▶ Assignment
A faithful copy of all the data is the goal; omit the pictures.

▶ Data provided
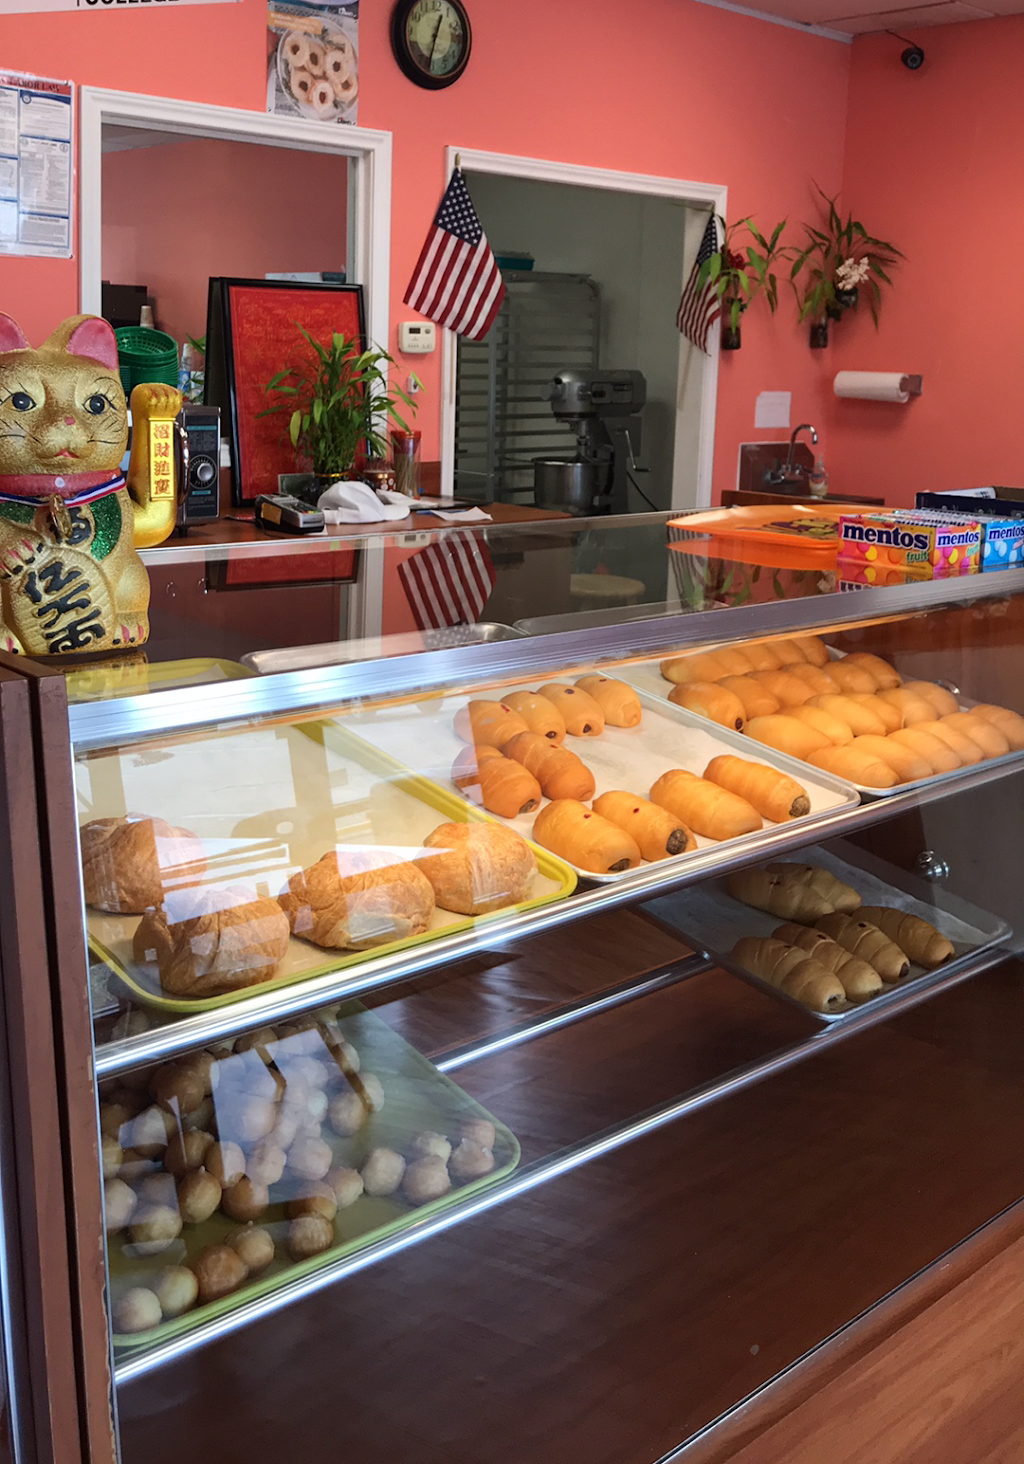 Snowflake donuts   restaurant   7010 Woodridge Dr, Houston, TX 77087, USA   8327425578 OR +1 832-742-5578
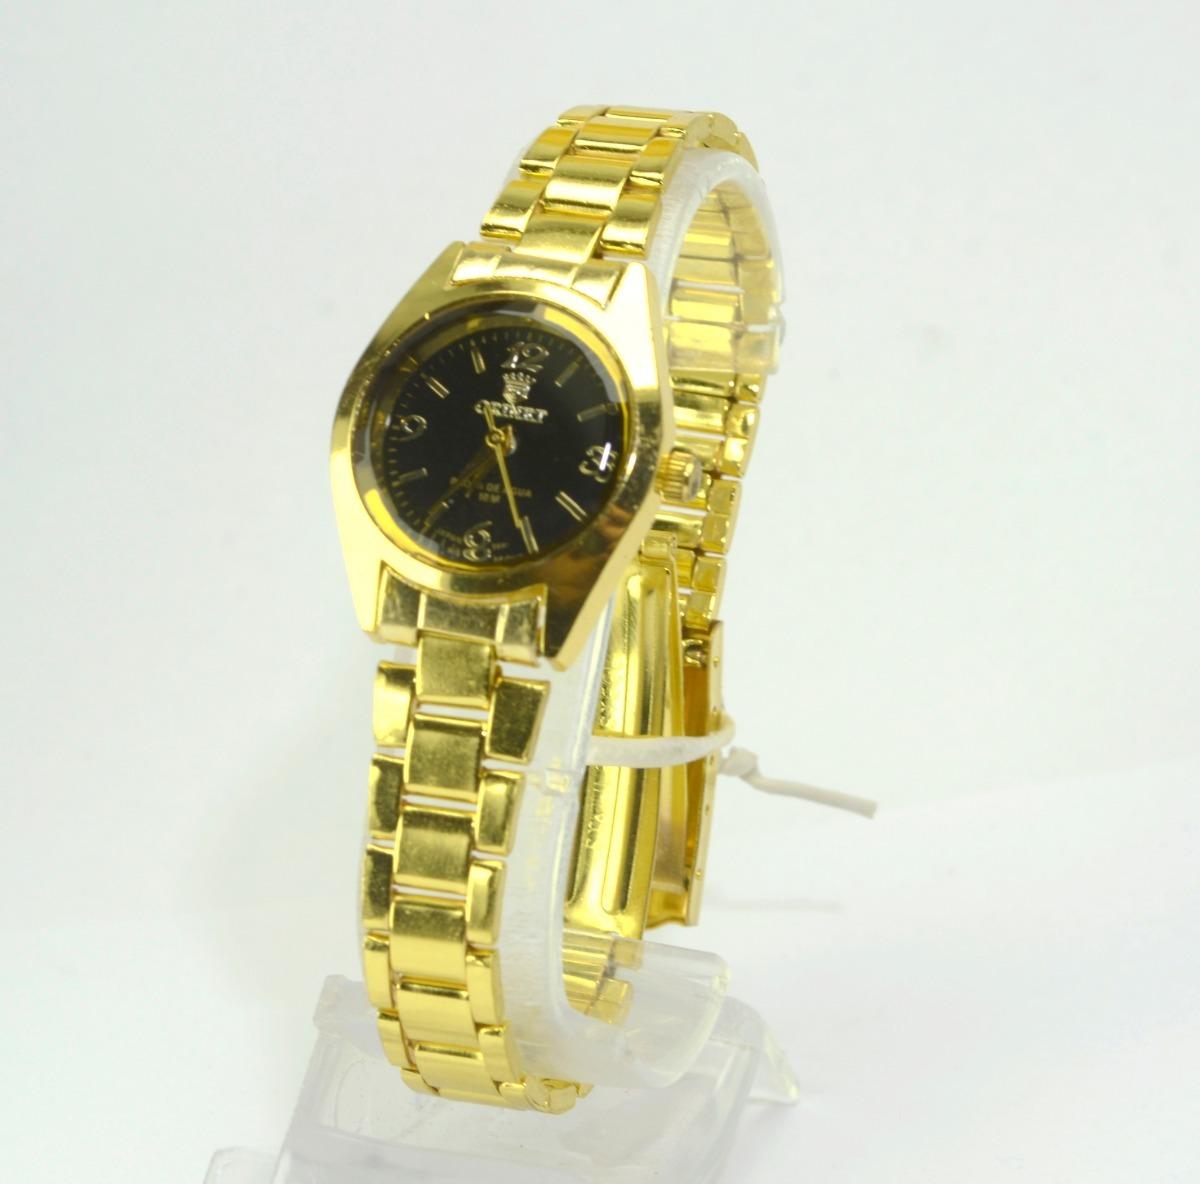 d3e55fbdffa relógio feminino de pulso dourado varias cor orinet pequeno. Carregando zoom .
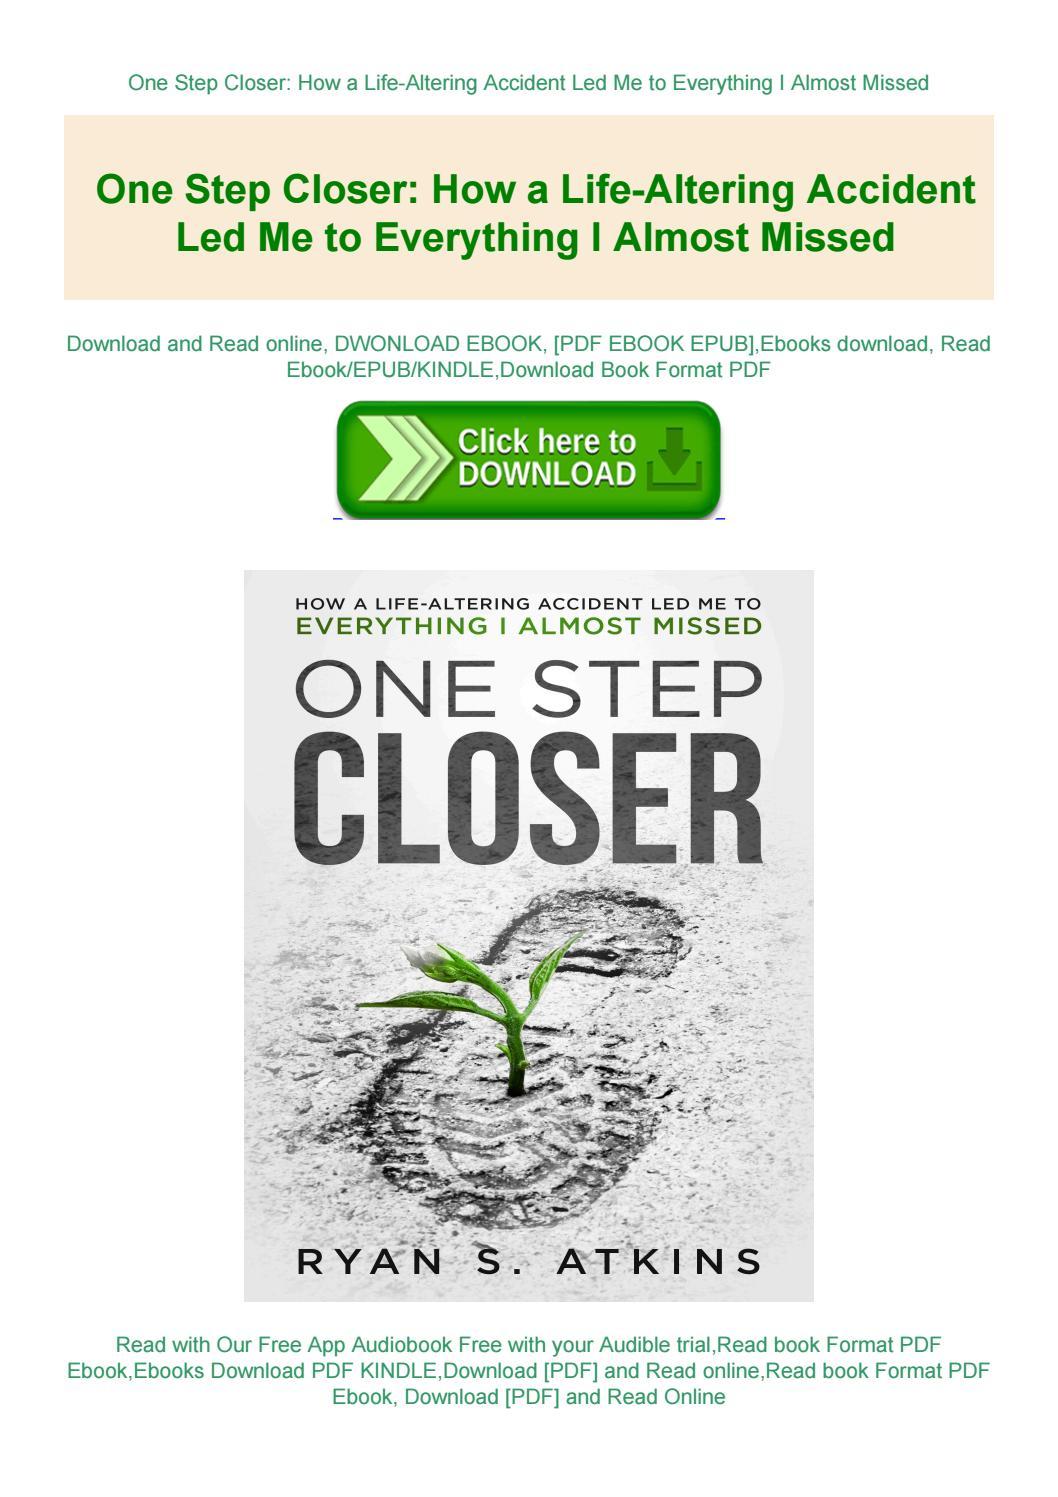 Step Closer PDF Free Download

▶ Reply to the exercise
 Snowflake donuts   restaurant   7010 Woodridge Dr, Houston, TX 77087, USA   8327425578 OR +1 832-742-5578
 d3e55fbdffa relógio feminino de pulso dourado varias cor orinet pequeno. Carregando zoom .
 Step Closer PDF Free Download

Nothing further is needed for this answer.